National Conference leader Hilal Lone was on Monday arrested under the Unlawful Activities (Prevention) Act for delivering a speech during the campaigning for the District Development Council elections in Bandipora last year, The Hindu reported. Hilal Lone is the son of senior National Conference leader and MP Akbar Lone.
“Hilal Lone has been booked under Section 13 of the UAPA, besides Sections 505 [intent to incite community to commit offence], 153-A [indulge in vilification or attacks upon the religion, race, place of birth, residence, language etc of any particular group or class] and 188 [disobedience] of the Indian Penal Code,” Inspector General of Police Vijay Kumar told the newspaper.

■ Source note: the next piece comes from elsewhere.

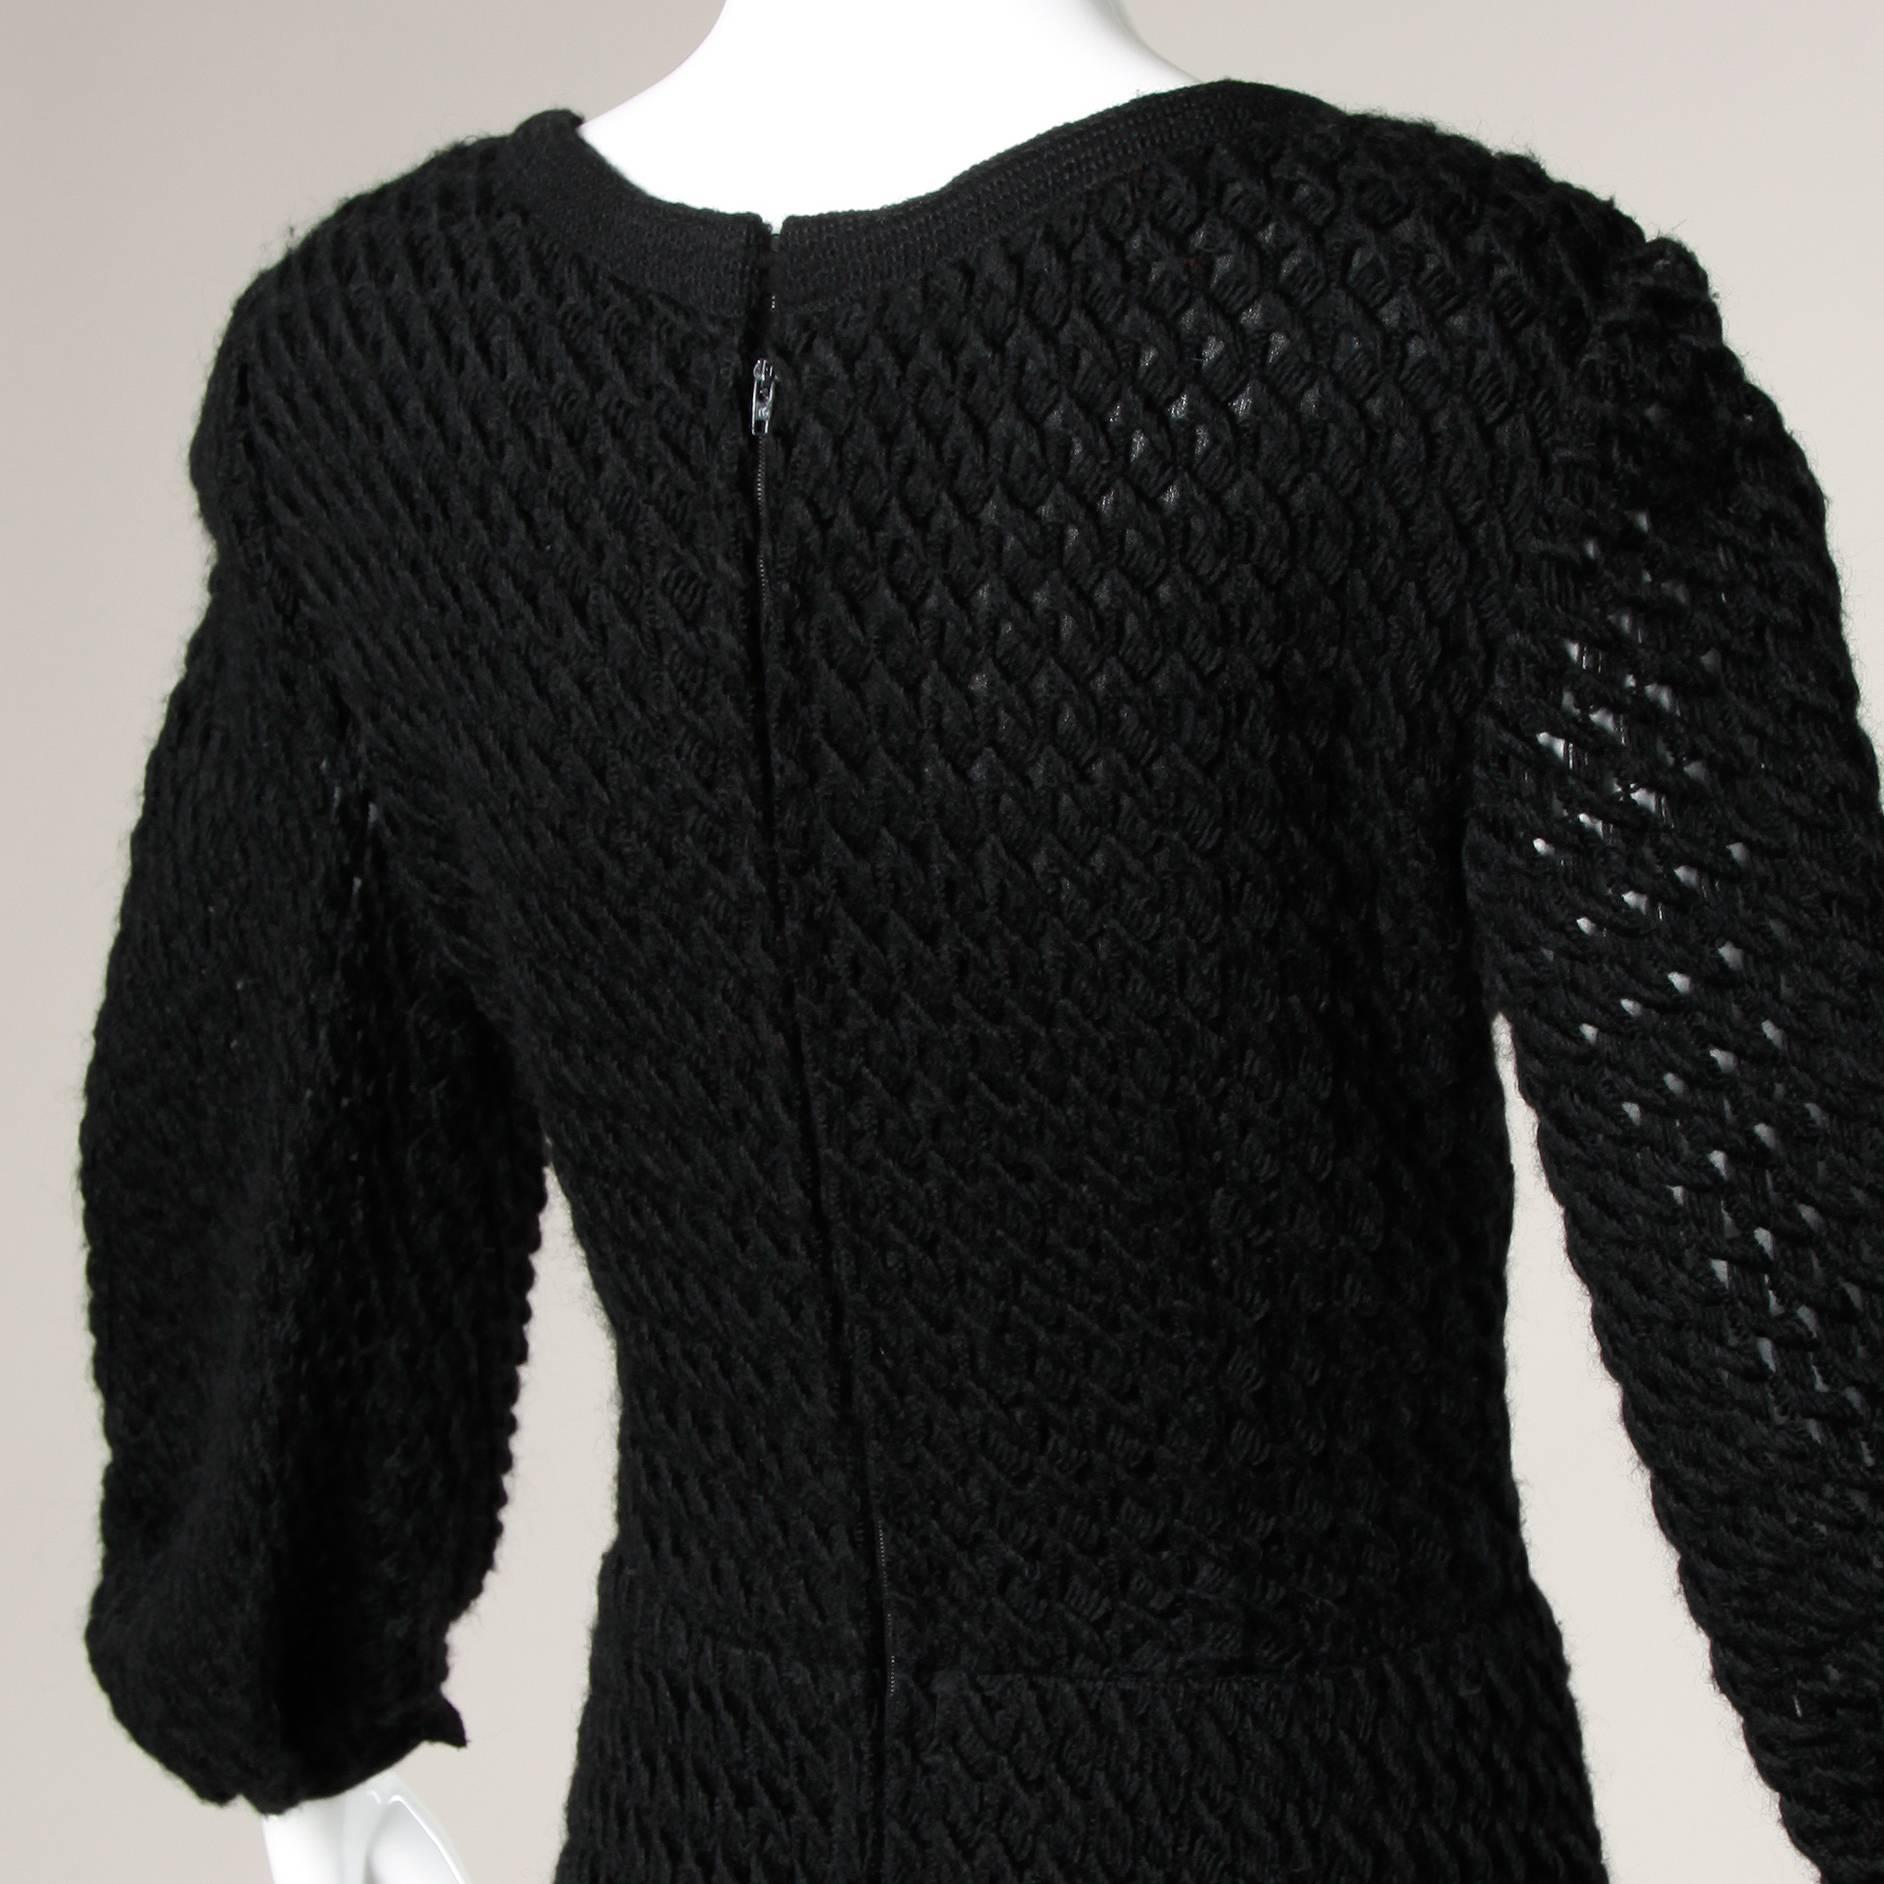 Cardinali Black Wool and Silk Couture Crochet Dress with Fringe Trim, 1960s 2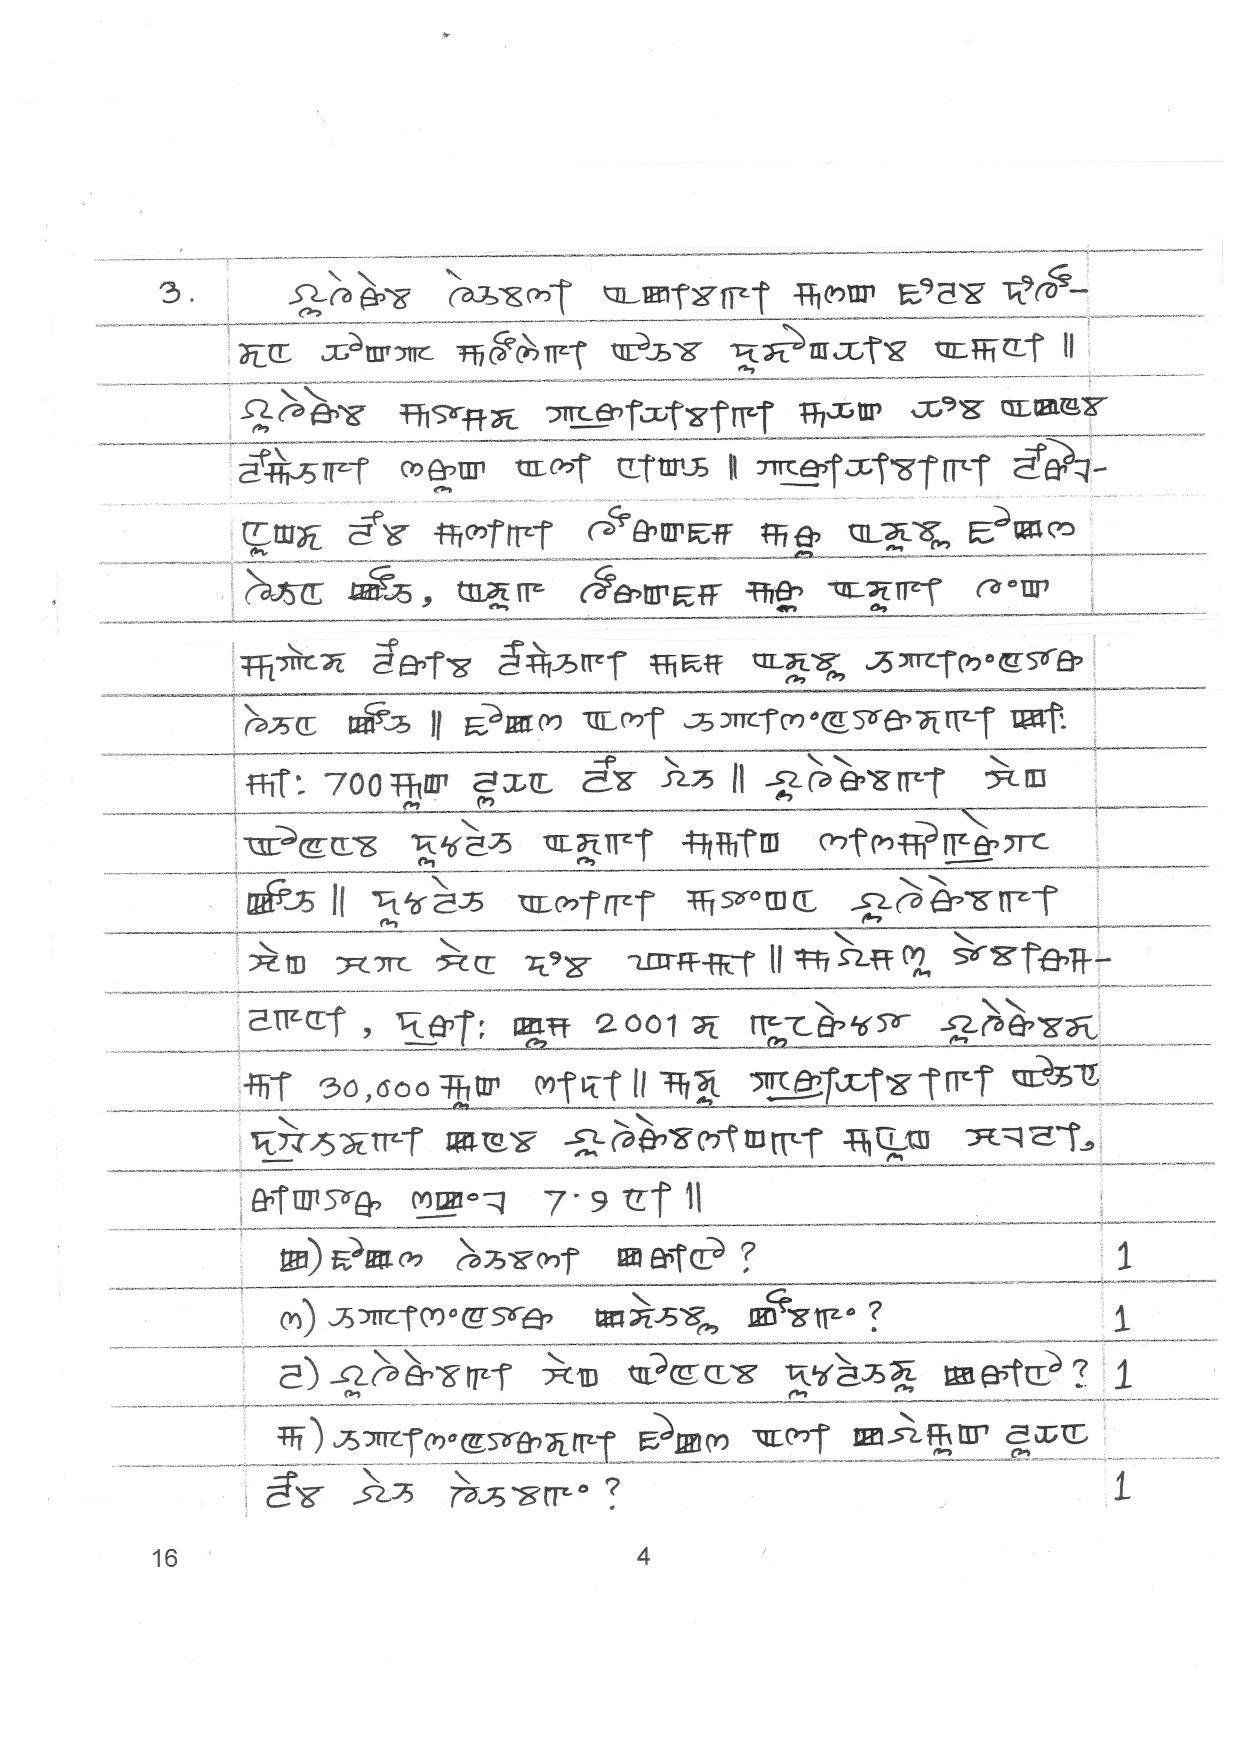 CBSE Class 10 16 Manipuri 2019 Compartment Question Paper - Page 4

Lone was arrested from the MLA hostel sub-jail in Srinagar where was under preventive detention for the past two months. He has been shifted to a police station in Bandipora’s Hajin in north Kashmir.
A police official told PTI that the case pertains to a speech Lone made during a public rally while campaigning for the polls in Hajin. Referring to the Bharatiya Janata Party’s “Gupkar gang” jibe, the NC leader had said: “The real gang is the one that demolished the Babri Masjid and rioted in Delhi”.
On November 17, Union Home Minister Amit Shah had termed the People’s Alliance for Gupkar Declaration an “unholy global gathbandhan [alliance]”, referring it to as a gang. “Either the Gupkar Gang swims along with the national mood or else the people will sink it,” he had said.
Hours later, former Jammu and Kashmir chief ministers Mehbooba Mufti and Omar Abdullah, part of the alliance, had criticised the Union home minister’s remarks.
The People’s Alliance for Gupkar Declaration, or Gupkar Alliance, is a tie-up of six parties, which was formed in October with the agenda of reinstating the now abrogated Article 370 of the Constitution, which provided special status to the erstwhile state of Jammu and Kashmir. The alliance contested the DDC polls.